Joyce Sikakane


Joyce Nomafa Sikakane, later Sikakane-Rankin, is a South African journalist and activist. She was detained by the Apartheid South African government for 17 months for her anti-apartheid activism.

Biography

Early life and education

Sikakane was born in 1943 to Jonathan Sikakane and Amelia Nxumalo at the Bridgeman Memorial Maternity Hospital in Johannesburg, South Africa. She grew up in Soweto, the daughter of a lecturer at the University of the Witwatersrand. She attended Holy Cross Primary School until the African National Congress called for a boycott due to the Bantu Education Act and the school was closed. Her parents eventually separated and she started to attend the boarding school Inanda Seminary. She attended Orlando High School for a time after her mother gained custody but then returned to Inanda Seminary, from which she graduated in 1963. She did not want to enroll in any colleges in South Africa again due to the Bantu Education Act, instead she decided to become a journalist.

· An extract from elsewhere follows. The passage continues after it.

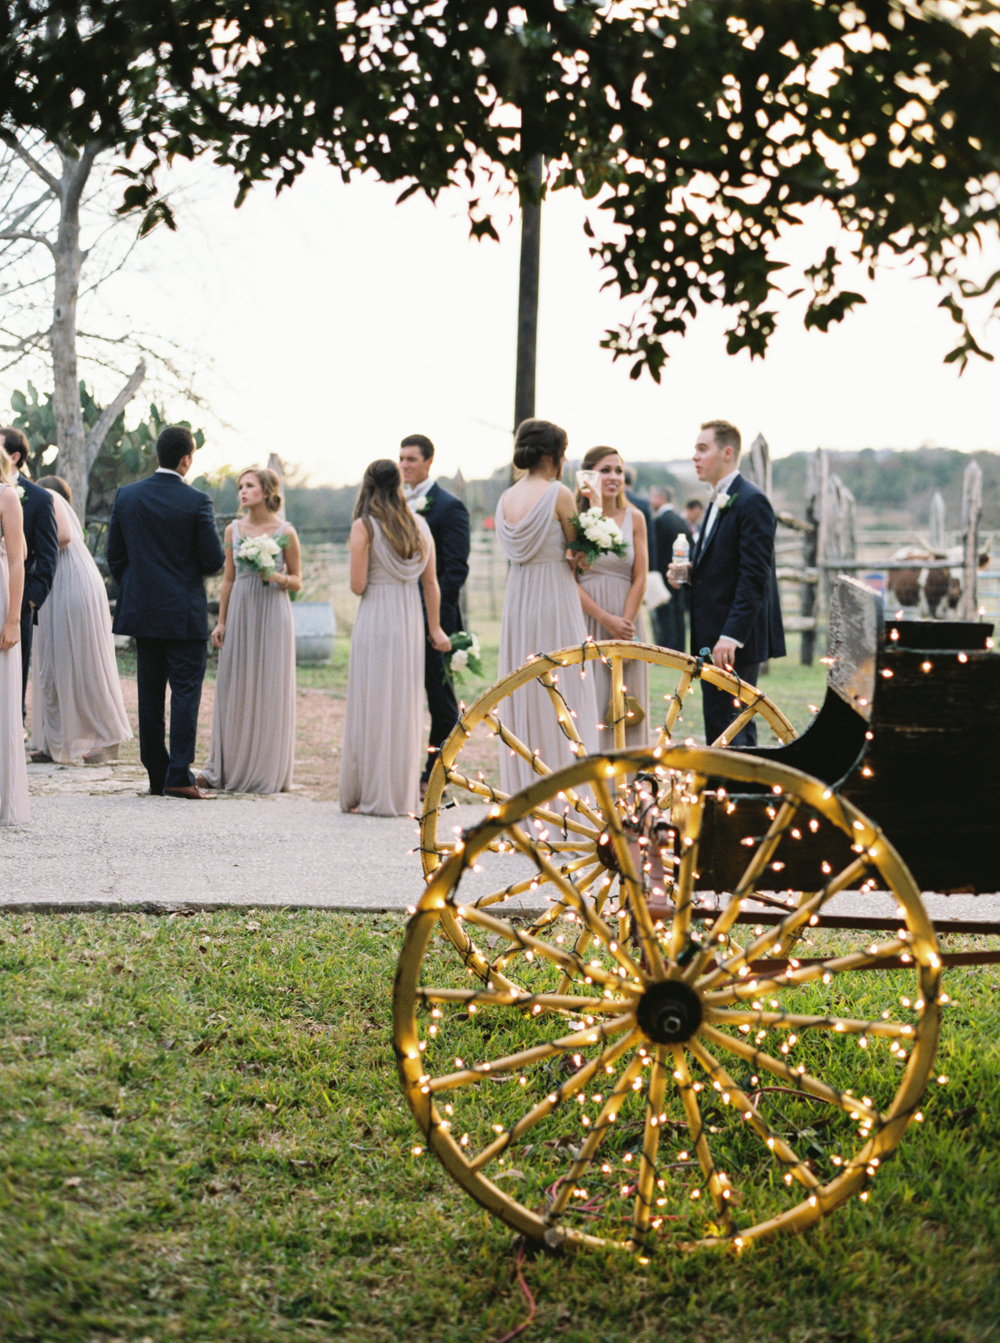 BOERNE WEDDING PHOTOGRAPHER-54.jpg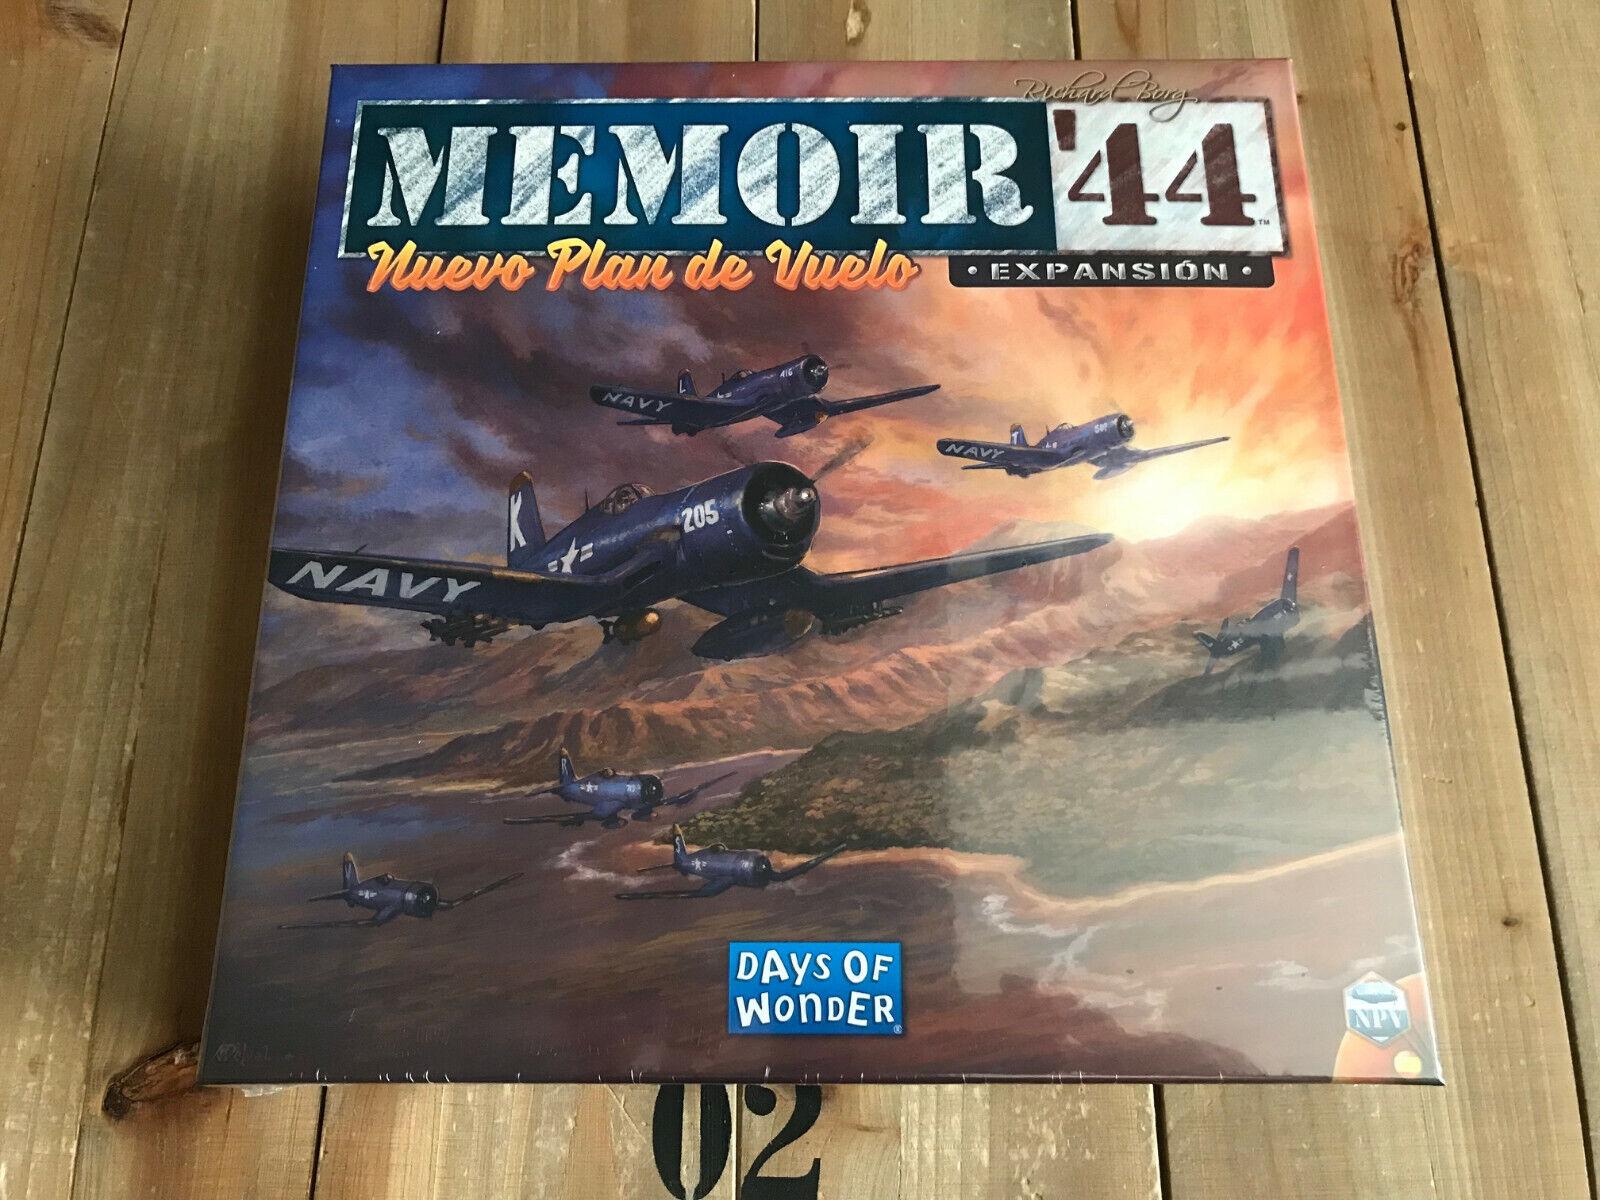 Juego wargame - Memoir ´44 Nuevo Plan de Vuelo - EDGE - DAYS OF WONDER - WWII

She did later earn a Bachelor of Science Honors degree in the United Kingdom at Open University.

Career and activism

Sikakane began her career in 1960 at The World, a white run newspaper that catered to a black audience. In 1968, she left The World for The Rand Daily Mail, where she became the first black women to be hired by the newspaper. At the Rand, she started to focus her writing on the impact that apartheid had on the Africans of South Africa.
On 12t May 1969, Sikakane was detained by police under the Terrorism Act and taken to Pretoria Central Prison, where she was interrogated about the African National Congress. She was charged under the Suppression of Communism Act and stood trial on the 1st of December in 1969 along with 21 other activists. The charges were dropped on the 16th of February in 1970 but Sikakane and the other activists were re-detained shortly afterwards. After around 17 months of detainment in total, she was released in late 1970. She eventually left South Africa in 1973 and continued to work for the African National Congress while in exile.

Marriage

Around the same time she started at the Rand, Sikakane fell in love with a Scottish doctor, Ken Rankin, but as interracial marriages were illegal, they could not marry. After she left South Africa, Sikakane and Rankin married in 1974 and subsequently moved to Scotland.
Sikakane has five children:
In 1977, her autobiography A Window on Soweto was published in London by the International Defence and Aid Fund.
In 1994, she returned to South Africa, being employed by the South African Broadcasting Corporation until 2001.
On July 29 in 1997, she gave testimony before the Truth and Reconciliation Commission about her experiences under apartheid, including her treatment while she was in her months long detainment.
In 2008, an unsent letter addressed to Sikakane from Nelson Mandela was discovered by a Nelson Mandela Foundation archivist.

Other

Sikakane is among the writers featured in the anthology Daughters of Africa.